PCOS: polycystic ovary syndrome

Characteristics of ongoing studies [ordered by study ID]

NCT01686126.

Study name Improving the treatment for women with early stage cancer of the uterus (feMMe)
Methods Randomised parallel‐group open‐label trial
Participants
  1. Females with a BMI > 30 kg/m2 wishing to retain fertility, or females at high risk of surgical complications owing to comorbidities or obesity

  2. Over 18 years of age at time of randomisation

  3. Histologically confirmed complex endometrial hyperplasia with atypia or grade 1 endometrioid endometrial adenocarcinoma on a curette or endometrial biopsy

  4. CT or MRI scan of pelvis, abdomen, and chest (or chest x‐ray) suggesting absence of extrauterine disease

  5. Myometrial invasion on MRI not greater than 50% for women with histologically confirmed endometrial cancer only (for women who are unable to fit into an MRI machine, inclusion in trial is decided at investigator's discretion)

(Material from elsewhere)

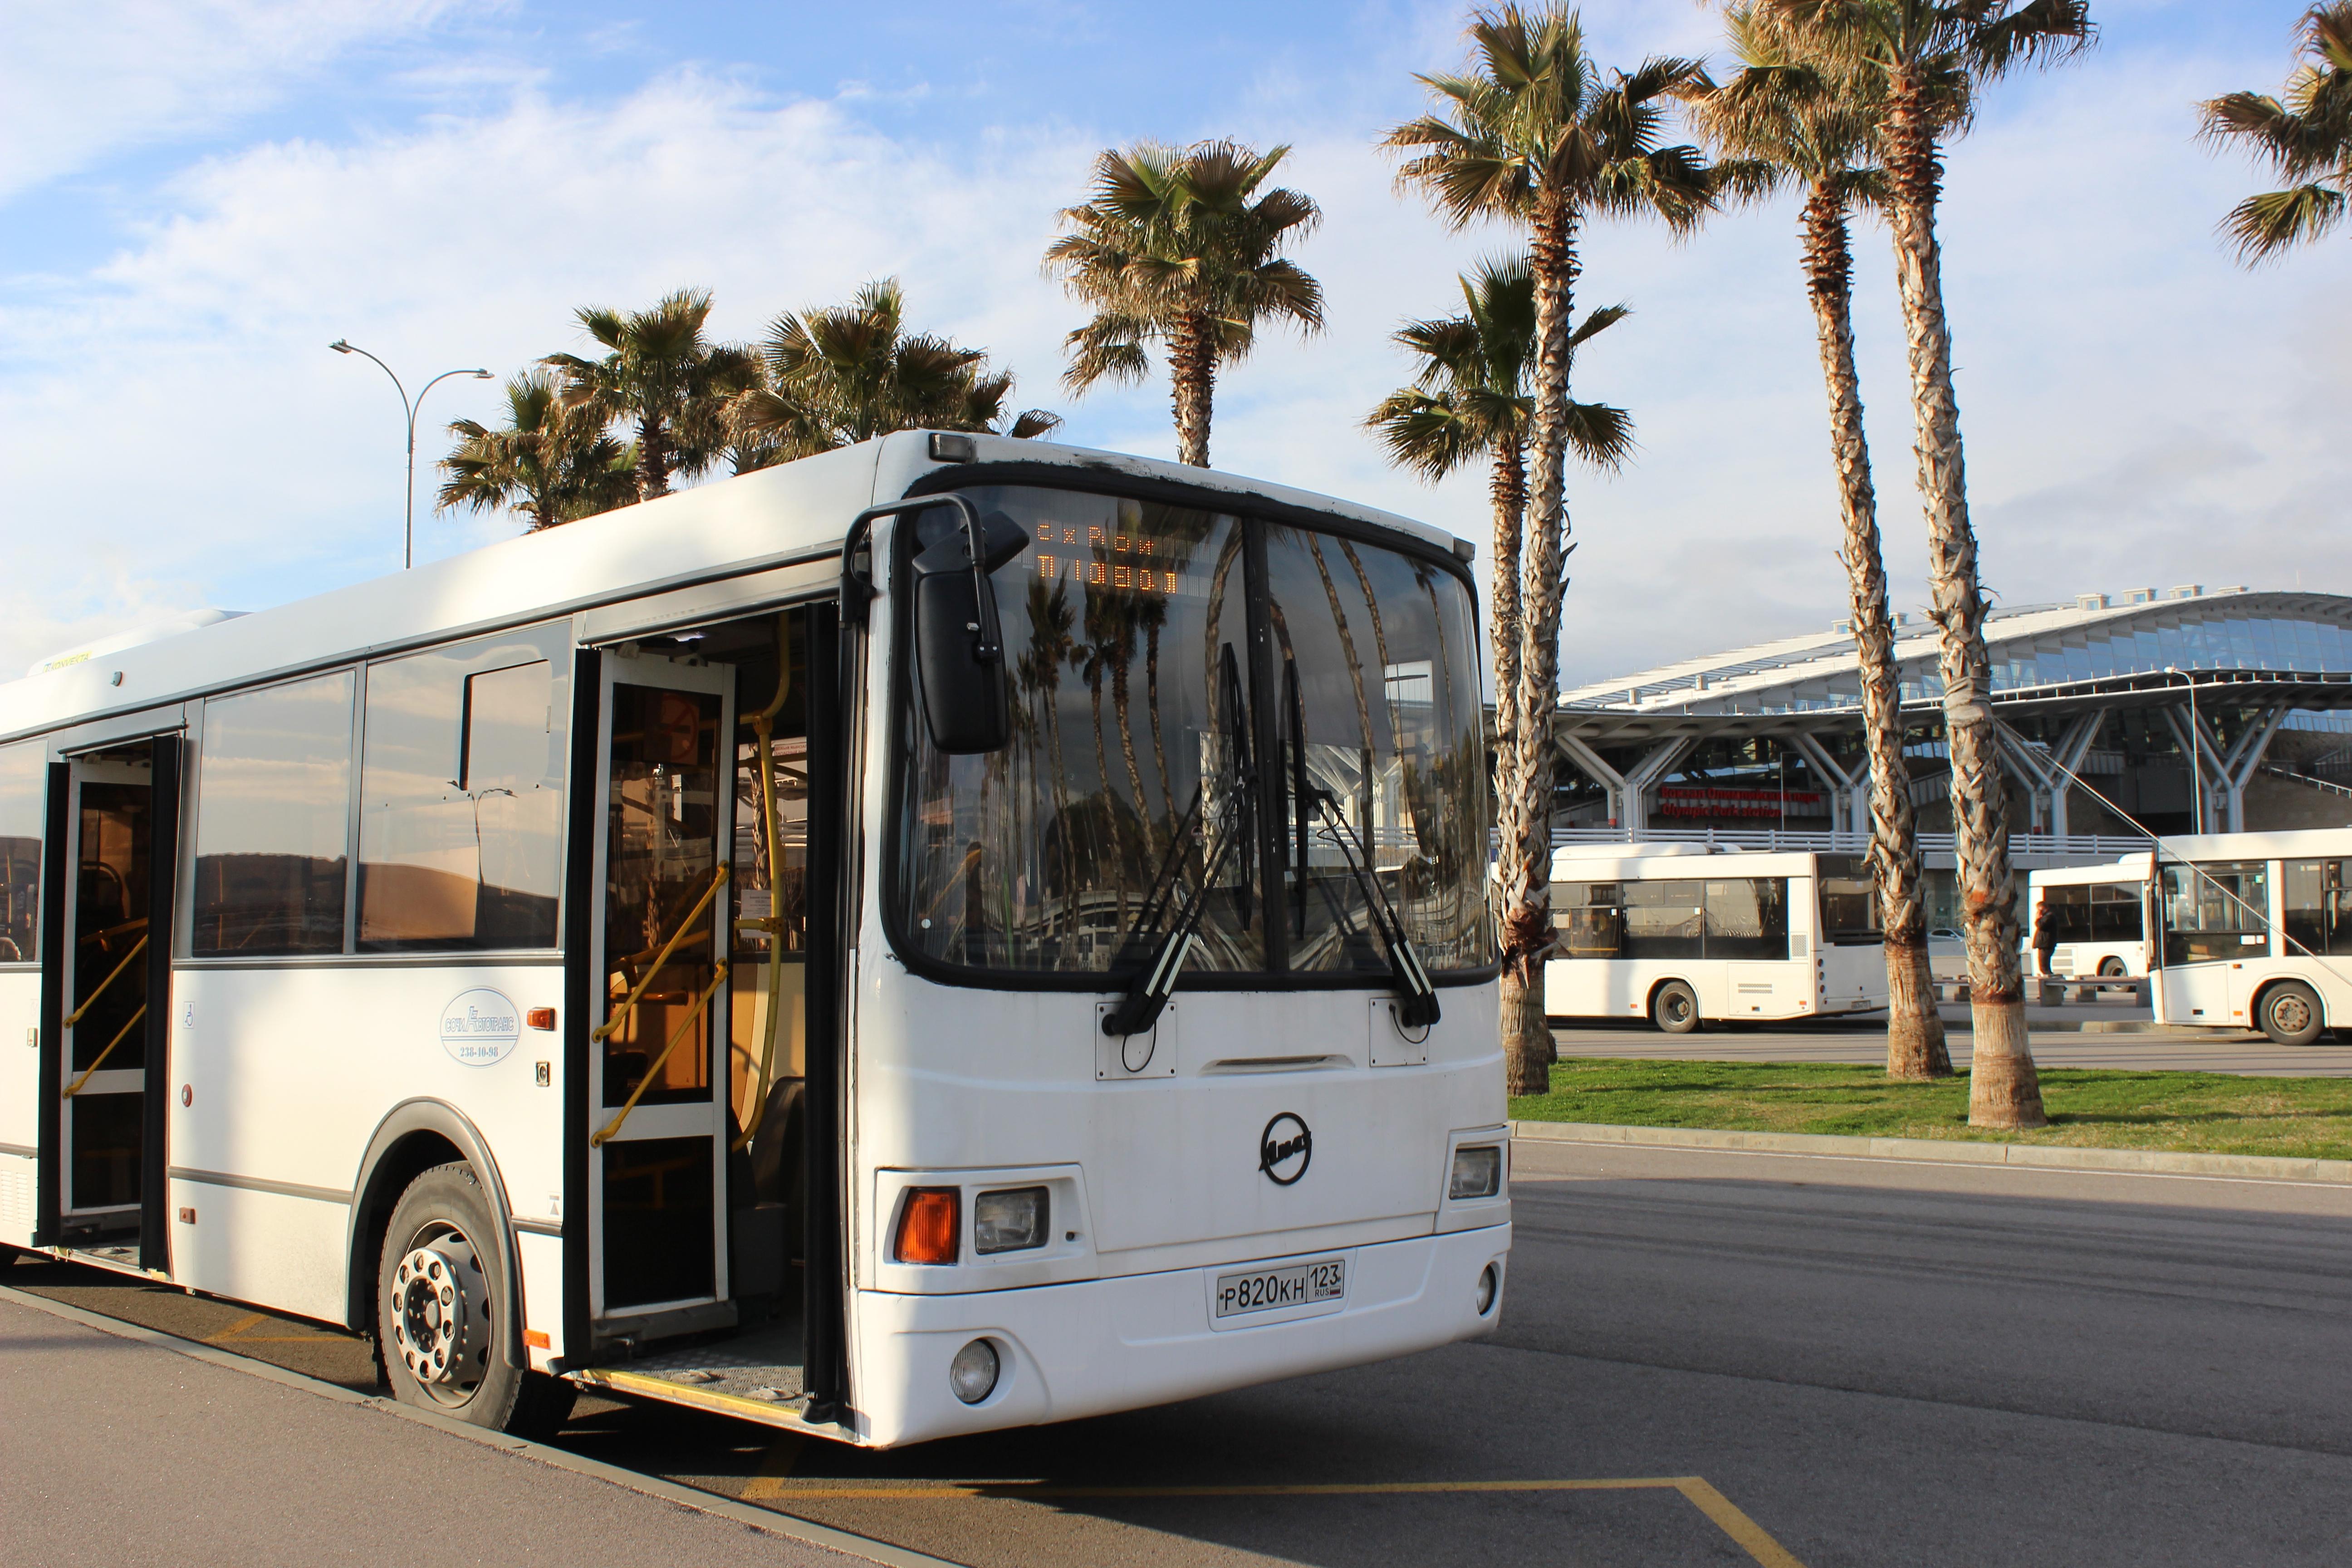 Транспорные претпереияти автобусы видео бесплатна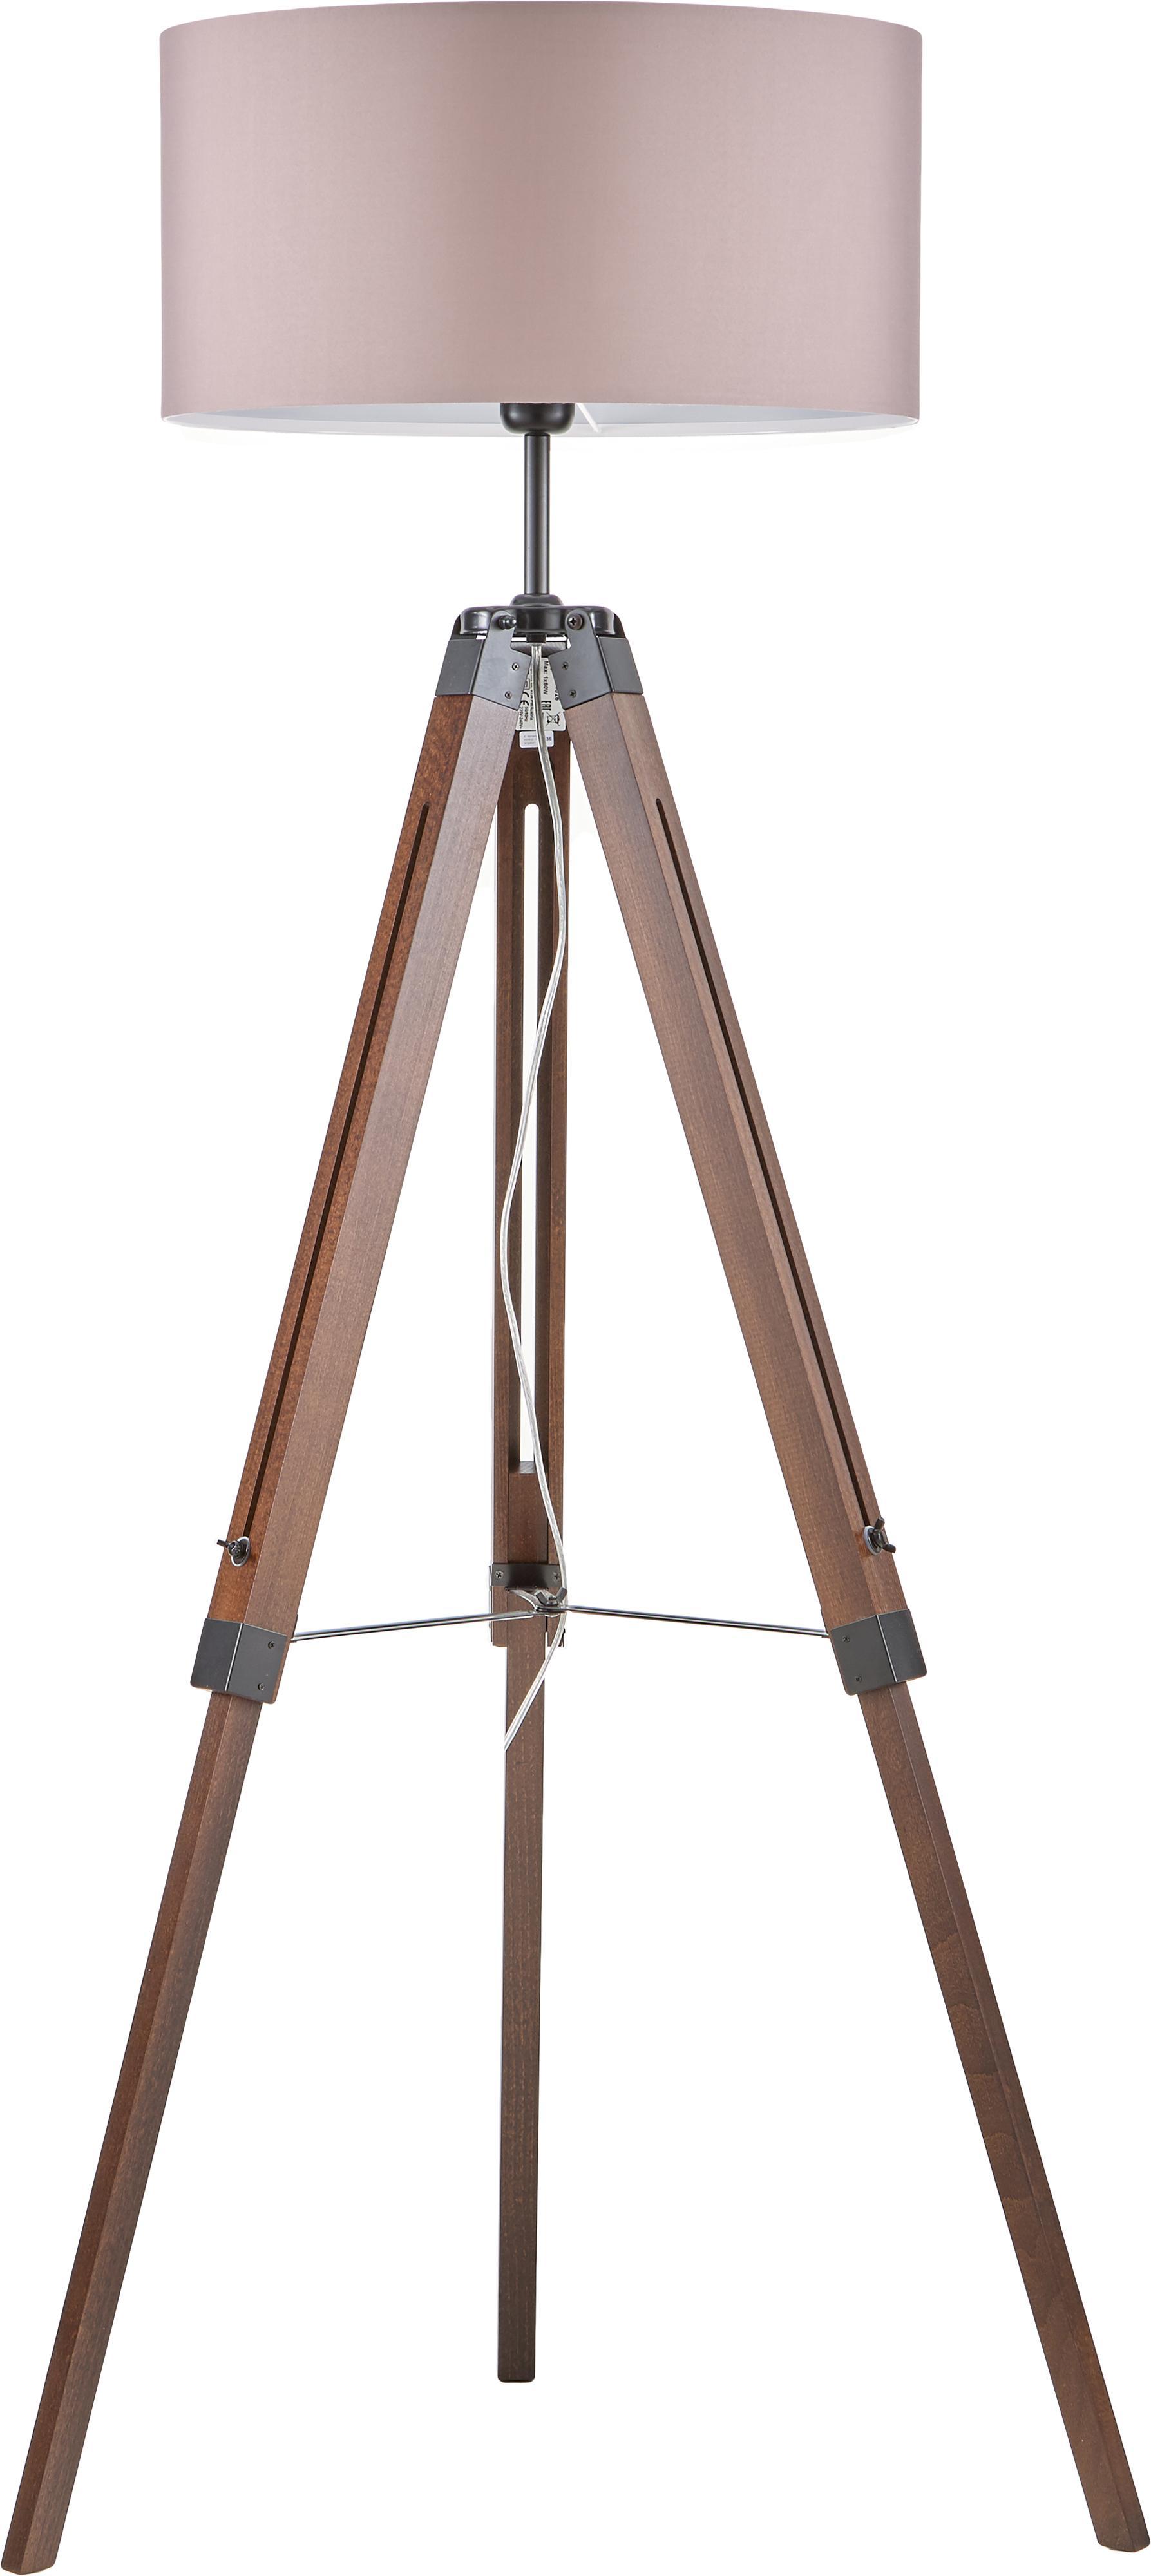 Tripod Stehlampe Josey aus Walnussholz, Lampenschirm: Textil, Lampenfuss: Walnuss, Schwarz<br>Lampenschirm: Taupe, Ø 70 x H 150 cm

  6. No lymph vascular invasion on curette or pipelle, if able to be assessed on sample

  7. Serum CA125 ≤ 30 U/mL

  8. No hypersensitivity or contraindications for Mirena

  9. Ability to comply with endometrial biopsies at specified intervals

  10. Negative serum or urine pregnancy test in premenopausal women and women < 2 years after onset of menopause

  11. Creatinine < 150 µmol/L (1.7 mg/dL) to be randomised into Mirena + metformin arm (can still be eligible to be randomised to Mirena only or Mirena + weight loss (see Section 5.4, Other Eligibility Criteria Considerations)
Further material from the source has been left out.